I just asked 5 questions that are somewhat rhetorical because unfortunately I cannot leave the system that I teach in. I now need to decide how to work within that system. I can’t just complain about the system if I do not offer suggestions on how to problem solve these issues. That said, here are three things I am going to try to do when I get back into the classroom after my mat leave is over:

  1. Use cultural language/print more effectively.  I want English AND the other languages children speak in my classroom represented within my classroom. This will be done through labelling the classroom, but also through homemade books and artifacts co-created by students and their parents. Many parents/siblings will be more than willing to help bring a bit of themselves and their culture and language into our classroom. Rather than a teddy bear journal that gets sent home over the weekend, maybe a journal that encourages new vocabulary from all of the homes of the children could be sent home.

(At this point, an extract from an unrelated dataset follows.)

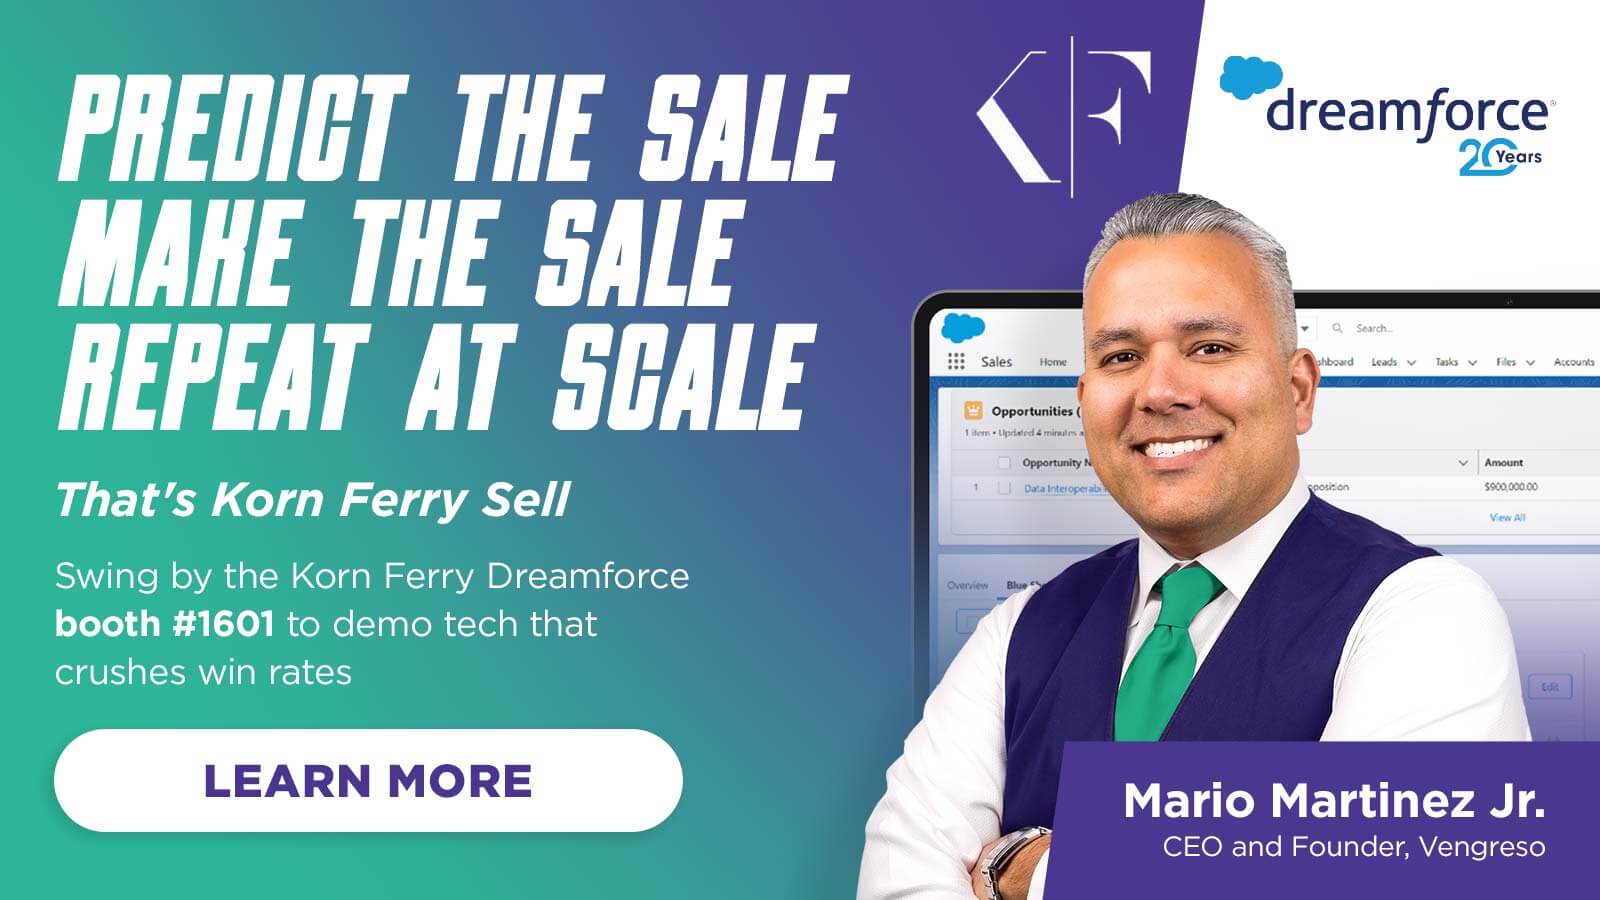 dreamforce 2022 cta mario martinez jr smiling repeat the sale make the sale repeat at scale

  2. Use more than a phonics based approach to teach reading. This is hard for me as I feel like I have done a “good job” of using reading strategies, phonics, and structures of English to help students learn to read English… BUT I know that I need a bigger representation of language in my classroom. When I taught Kindergarten, I used to use the children’s names to help them see the English language structures. For example, if Mikayla was the helper of the day, we would talk about how the “ay” in her name says a long a sound. This would be similar to the ‘ay’ in day, say, pray, spray etc. This might work for names that follow English “rules.” But what will I do when someone’s name does not fit? How can I honour a child’s name that was originally made for a language other than English? How can I use this as a chance to honour, represent and draw attention to that child’s culture, heritage and home language? Even further, how do I look at this experience for children and depathologize in my own practice?
  3. I will actively use more than the DRA or other standardized tests for decision making within my classroom. I think the chapters were pretty clear that most educational institutions are using the biomedical approach for decision making, understanding knowledge production,  and policy creation in regards to children.  There is not much I can do about that, except push back and show that I will not use those means to make decisions within my own classroom. I will show that students have value beyond the tests and constraints the “system” has put on them, and I will do everything I can to make informed decisions using the personal knowledge I have gained about my students through dialogues with them and their families. “The children of Elmwood received literacy instruction based on a single theory. When one theory is exclusively employed, only the goals of that theory can be achieved” (Early Childhood Curricula and the De-Pathologizing of Childhood, Ianacci and Heydon, p. 83). I will strive in every way possible to use more than a single approach to literacy for my future students.

What do you think? What are other ways we can teach literacy from an asset based approach? Am I off base? An idealist? Or is this something we need to strive for in our schools?